KEY POINTS:
It's an ill wind that blows nobody any good, as the saying goes. Homeowners with big mortgages must have been reflecting on the truth of that dictum in the past few weeks.
The decline in interest rates is not unalloyed good news, since many people - particularly those on fixed incomes - rely on interest income. But declining rates are good news for those wanting to borrow.
Would-be first home buyers were entitled to share in the relief - until last week when the country's largest banking group, ANZ/National, announced that applicants for mortgages would need to come up with a deposit of at least 20 per cent.
Other banks are reported to be instructing staff not to lend more than 80 per cent of the purchase price, although they are considering cases on their individual merits.
For those wanting to get a foot on the residential property ladder in Auckland, where the median house price is $433,000, this has doubled to $86,600 - the amount of money they need to have in hand before they can buy.
On the face of it, this seems like a cruel blow. But it is in tune with the times. The slumping real estate market, which shows no sign of having bottomed out, urges caution on the part of lenders whose imprudence in the so-called "sub-prime" (read "high-risk") US mortgage market created much of the economic vulnerability that made the present crash possible, even inevitable. A mortgagee in the present environment who lends even 80 per cent of a residential property's purchase price is operating at the upper end of exposure to declining value. To go further would be more than simply foolhardy, given the Government guarantees that have been extended to private savings: it would be displaying a recklessness verging on criminal.
The great New Zealand dream of owning a home, particularly in Auckland, had been taking a hammering for years before the mayhem that erupted on US financial markets. Home ownership figures increased from 61.4 per cent to 73.8 per cent between 1951 and 1991 but the march has been relentlessly downward since. The 2006 census showed that 54.5 per cent of houses nationally were owned by their occupants; in Auckland, the figure had dropped to below 51 per cent.
Plainly, spiralling purchase prices have had much to do with that decline. But high interest rates less so. Who can forget the the mid-1980s when would-be borrowers had to qualify, with a savings record, for scarce mortgage finance at more than 15 per cent (and even seek second-mortgage money at 20 per cent or more). In recent years, banks have fallen over themselves to lend on residential property - often at more than 100 per cent of value - and those with healthy equity in their own homes borrowed mightily to invest in the sector.
Successive Governments which declined to intervene, and let the law of the market rule, have much to answer for in the present crisis of low home-ownership levels.

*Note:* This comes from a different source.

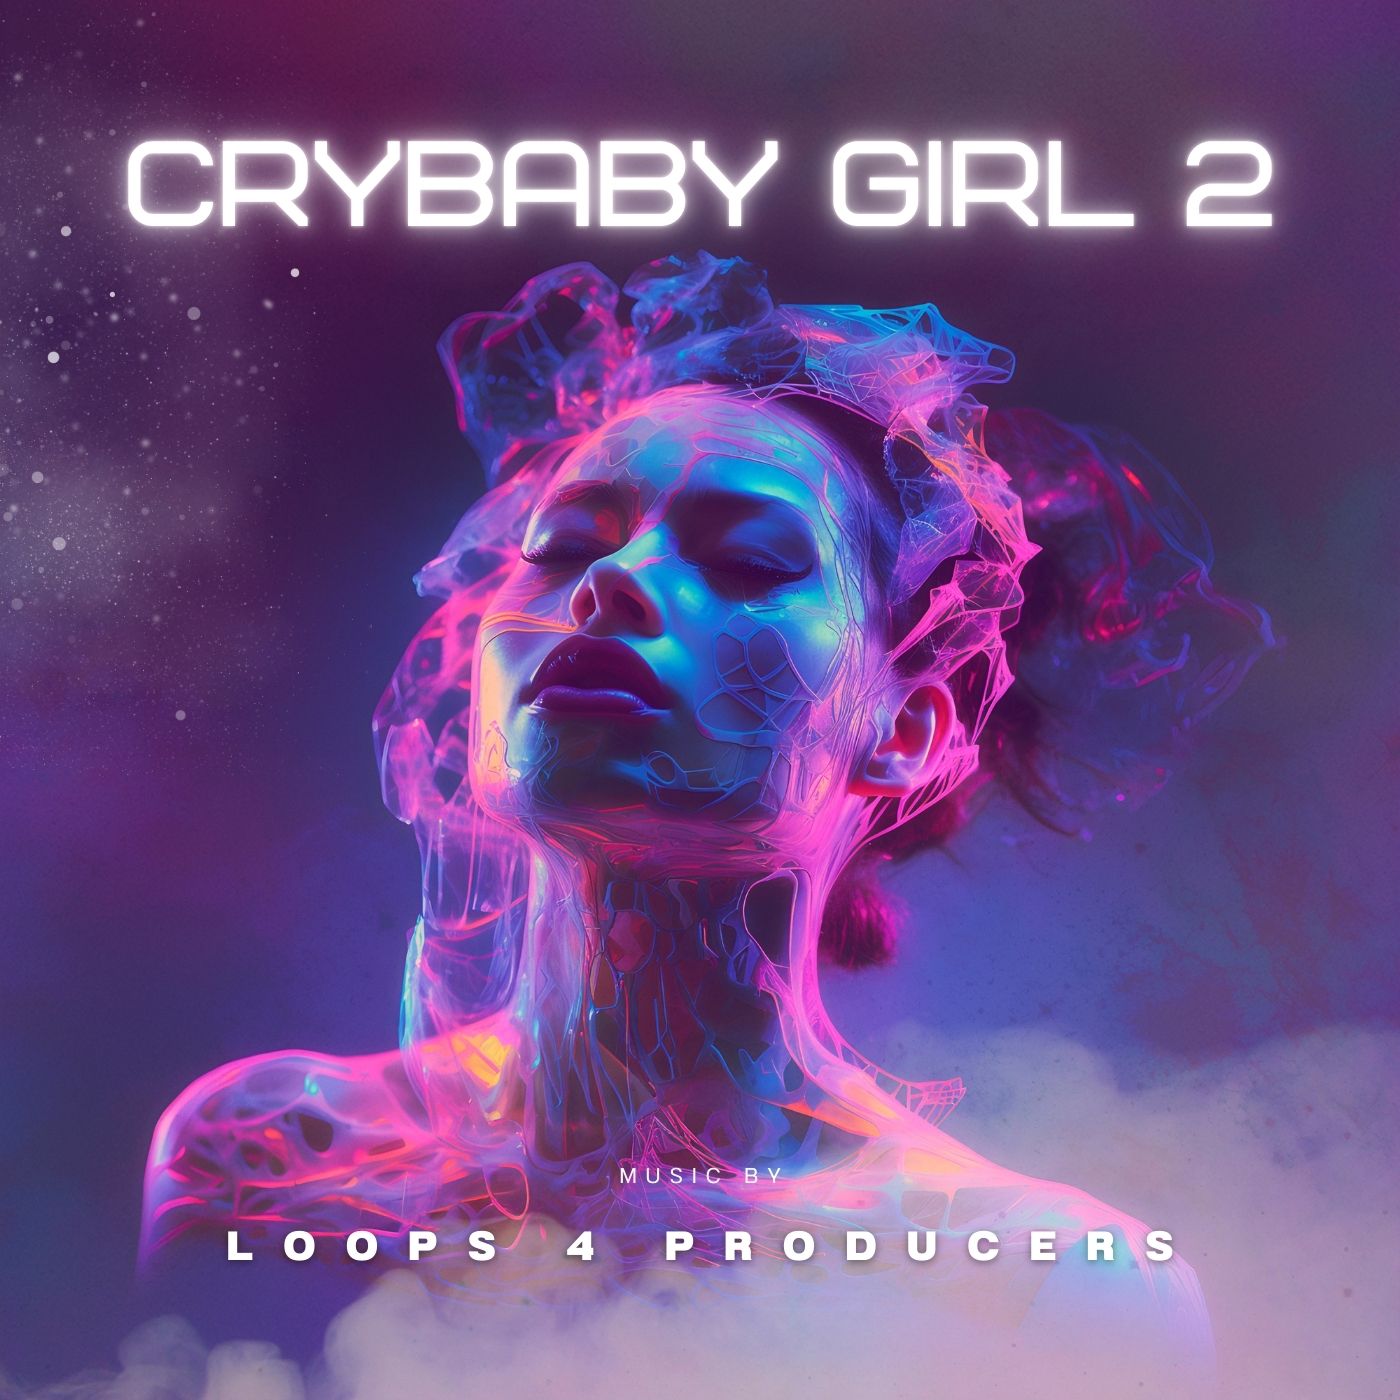 Crybaby Girl 2

If the severe correction now taking place burns many over-leveraged investors it will be a form of poetic justice, but of little comfort to those who remain locked out of the market.
Some of those who now occupy rental accommodation do so from choice rather than the inability to raise a deposit or service the mortgage on a high purchase price. But in these days, renting may make good sense. The city's rental housing market is flooded with properties that vendors cannot sell, giving tenants a huge choice and good bargaining power.
The uncertain economic outlook demands that home buyers exercise care and do not over-commit themselves. The banks' unwillingness to lend money that borrowers can't afford is a blessing in disguise.